The Constitution looked fairly good on paper, but it was not a popular document; people were suspicious of it, and suspicious of the enabling legislation that was being erected upon it. There was some ground for this. The Constitution had been laid down under unacceptable auspices; its history had been that of a coup d'état.

It had been drafted, in the first place, by men representing special economic interests. Four-fifths of them were public creditors, one-third were land speculators, and one-fifth represented interests in shipping, manufacturing, and merchandising. Most of them were lawyers. Not one of them represented the interest of production - Vilescit origine tali.

In the second place, the old Articles of Confederation, to which the states had subscribed in good faith as a working agreement, made all due provision for their own amendment; and now these men had ignored these provisions, simply putting the Articles of Confederation in the wastebasket and bringing forth an entirely new document of their own devising.

Again, when the Constitution was promulgated, similar economic interests in the several states had laid hold of it and pushed it through to ratification in the state conventions as a minority measure, often - indeed, in the majority of cases - by methods that had obvious intent to defeat the popular will. Moreover, and most disturbing fact of all, the administration of government under the Constitution remained wholly in the hands of the men who had devised the document, or who had been leaders in the movement for ratification in the several states. The new president, Washington, had presided over the Constitutional Convention. All the members of the Supreme Court, the judges of the federal district courts, and the members of the cabinet were men who had been to the fore either in the Philadelphia Convention or in the state ratifying conventions. Eight signers of the Constitution were in the Senate, and as many more in the House. It began now to be manifest, as Madison said later, who was to govern the country; that is to say, in behalf of what economic interests the development of American constitutional government was to be directed.

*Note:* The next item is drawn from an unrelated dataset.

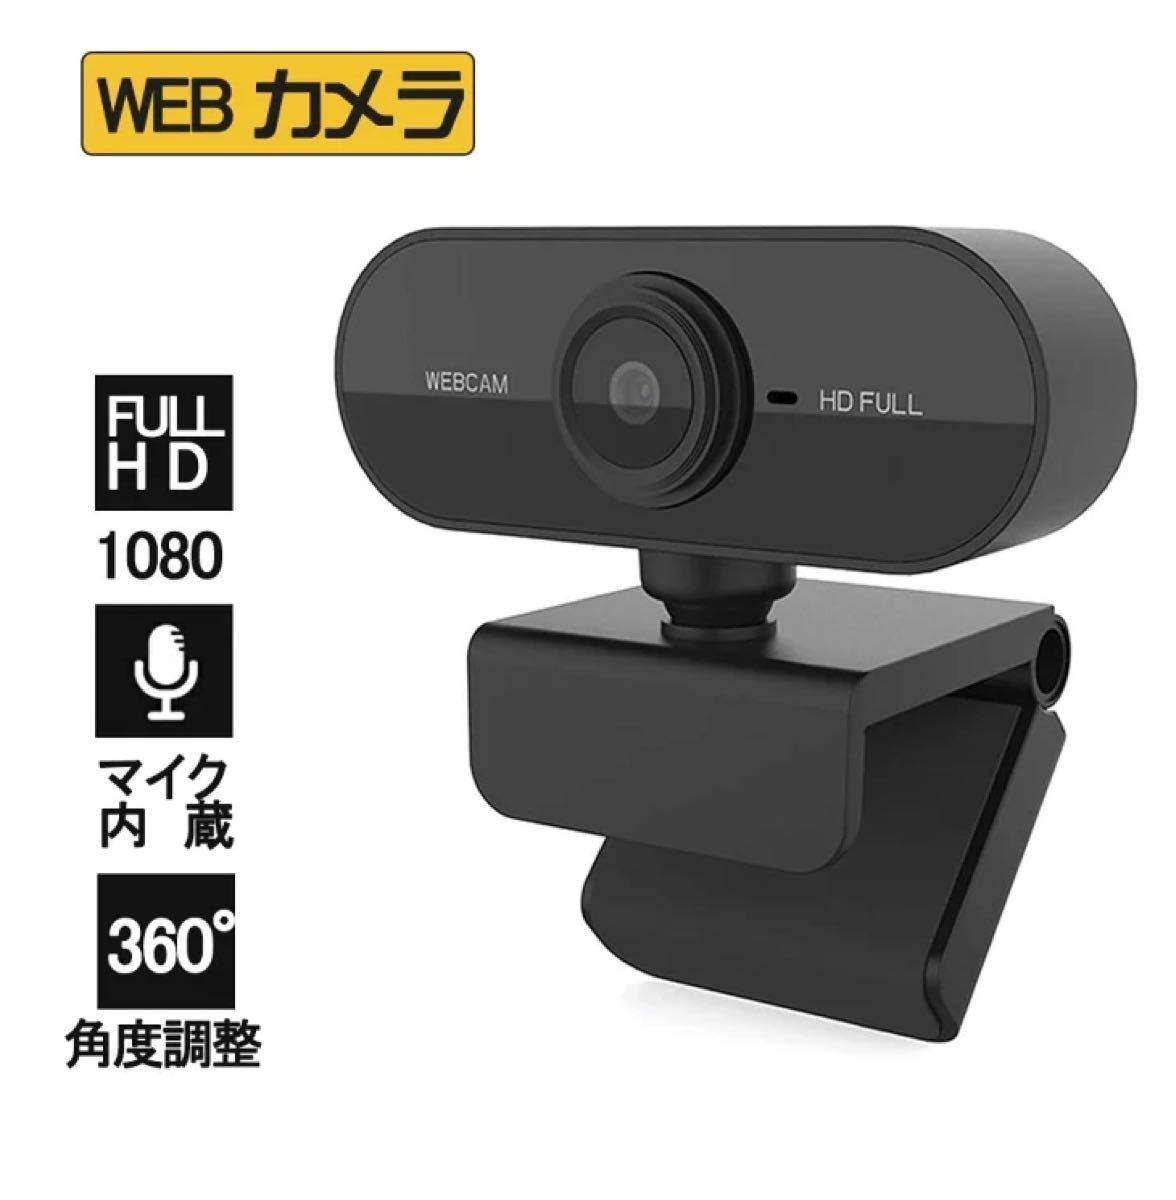 Webカメラ マイク内蔵 フルHD 1080P ウェブカメラ 360°回転 30FPS 200万画素

Mr. Jefferson was slow to apprehend all this. He had hitherto regarded the Constitution as a purely political document, and having that view, he had spoken both for it and against it. He had criticized it severely because it contained no Bill of Rights and did not provide against indefinite tenure of office. With these omissions rectified by amendment, however, he seemed disposed to be satisfied with it. Its economic character and implications apparently escaped him, and now that for the first time he began, very slowly and imperfectly, to get a sense of it as an economic document of the first order, he began also to perceive that the distinction between Federalist and anti-Federalist, which he had disparaged in his letter to [Francis] Hopkinson, was likely to mean something after all.


Read the rest:  http://www.lewrockwell.com/nock/nock17.1.html (http://www.lewrockwell.com/nock/nock17.1.html)
Title: Re: John Adams on HBO
Post by: Johnnyappleseed on April 23, 2010, 09:54:20 PM
4bfox thank you for doing the research on the whitehouse and President Washington's role in starting construction . O0 O0 O0
I heard recently that George Washington stole 2 books ,or something . Not having much TV(no cable) we are not sure of who put out that important missing part of history  :wall: :wall: :wall:
JA
Title: Re: John Adams on HBO
Post by: 4bfox on May 03, 2010, 03:09:33 PM
Funny you should mention that.....I heard a news item about the same thing....the reporter said Washington had checked out 2 books and never returned them.